Exercise details:
The expected response is the full listing, retyped exactly, without its images.

Data section:
---
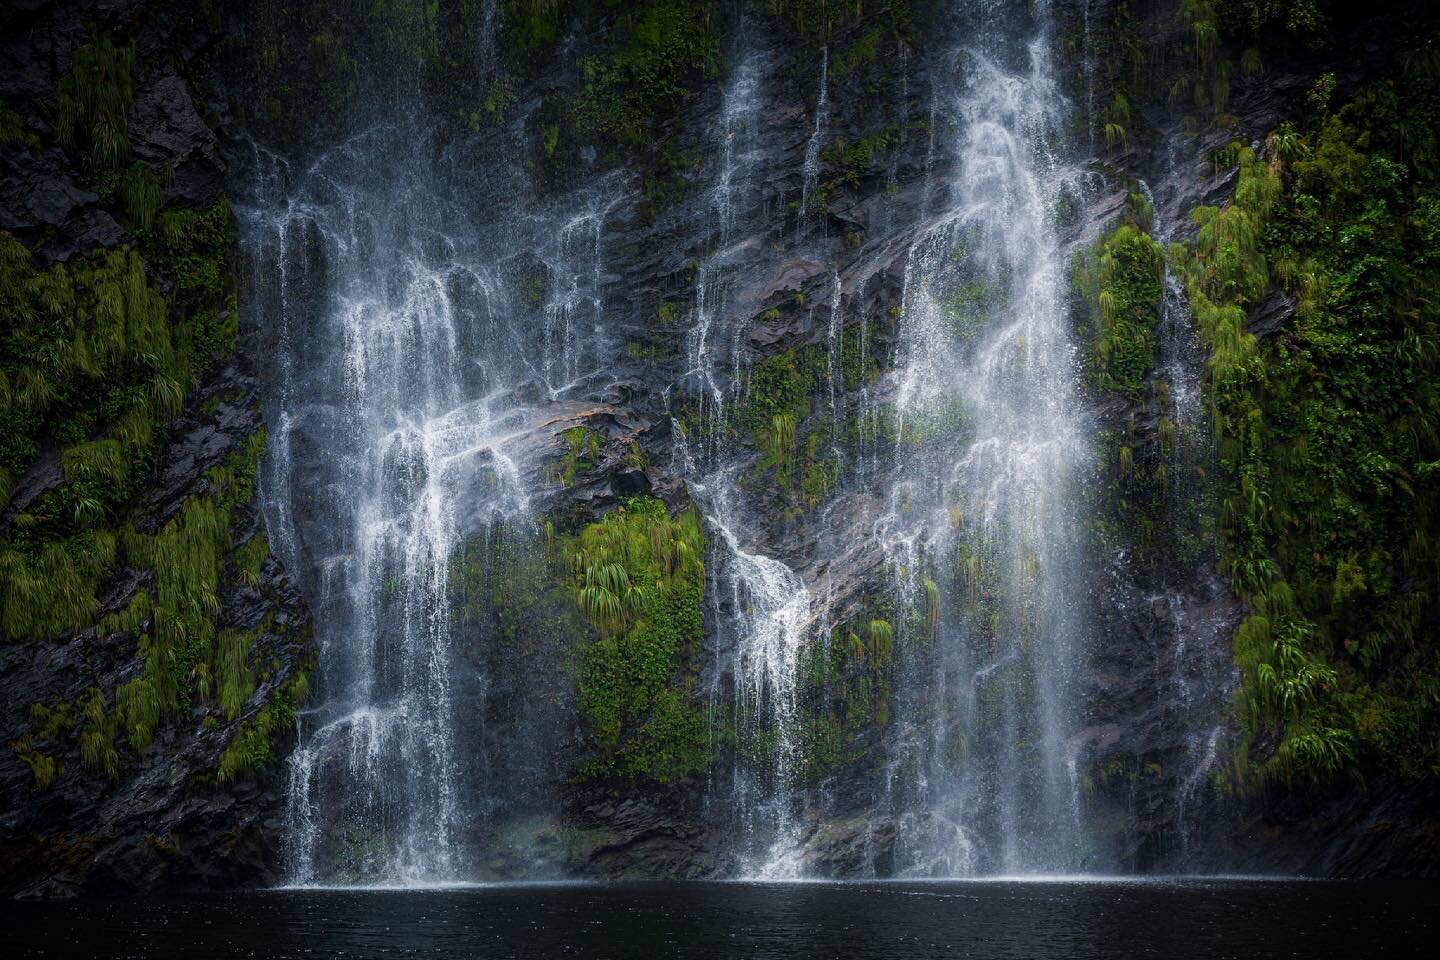 Doubtful Sound, November 2020

#doubtfulsound #newzealand #waterfall #waterfalls #fjordland
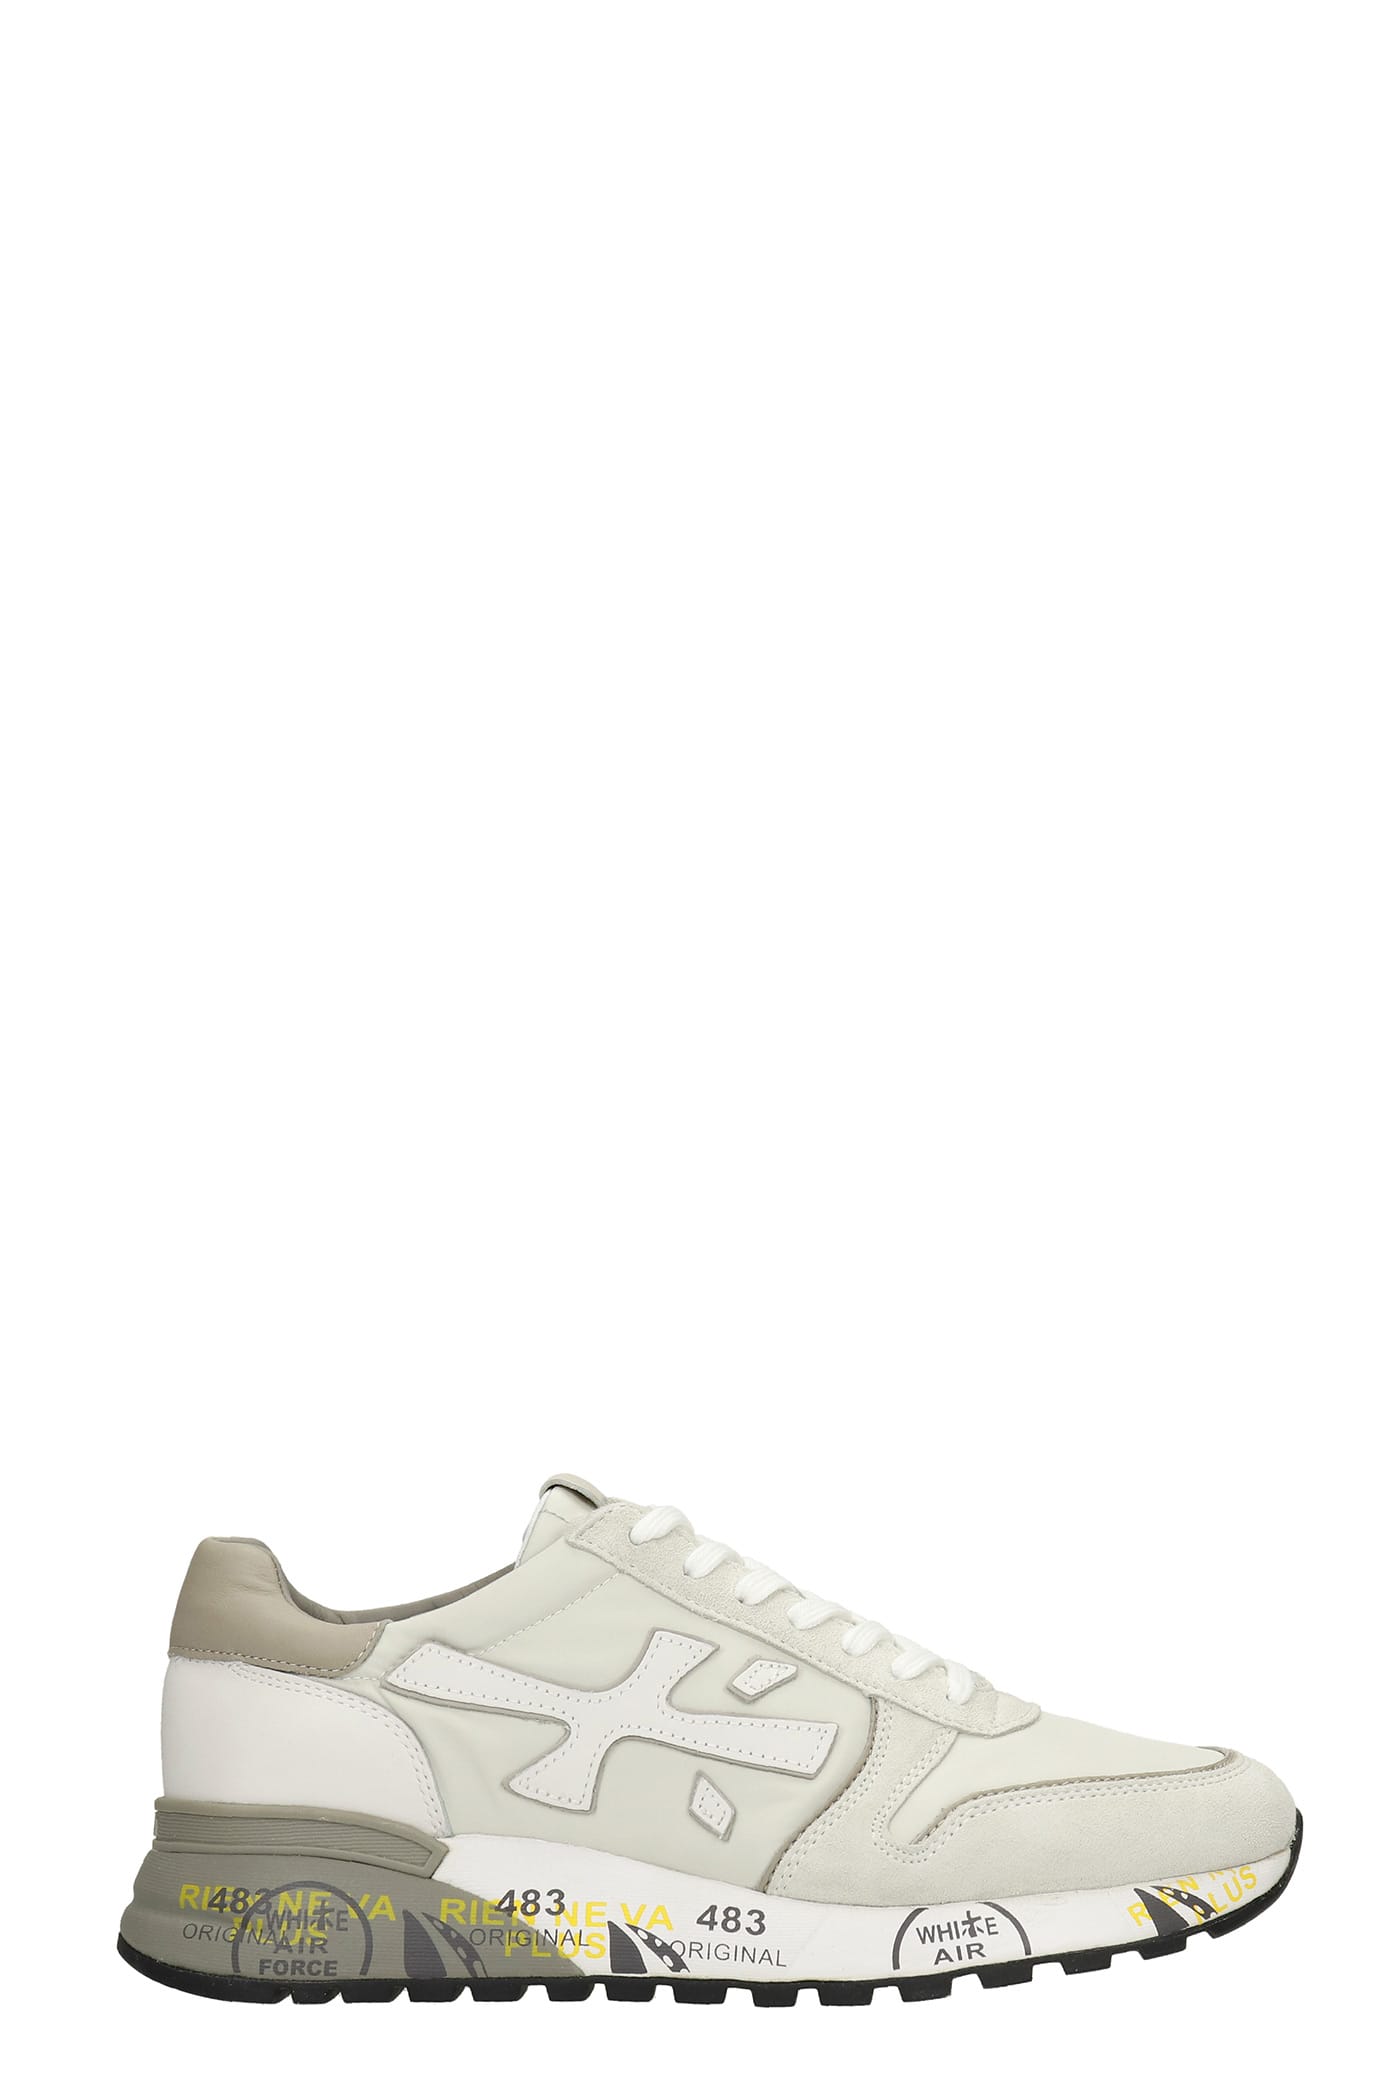 Premiata Mick Sneakers In White Leather
---
Result below:
 Doubtful Sound, November 2020

#doubtfulsound #newzealand #waterfall #waterfalls #fjordland
 Premiata Mick Sneakers In White Leather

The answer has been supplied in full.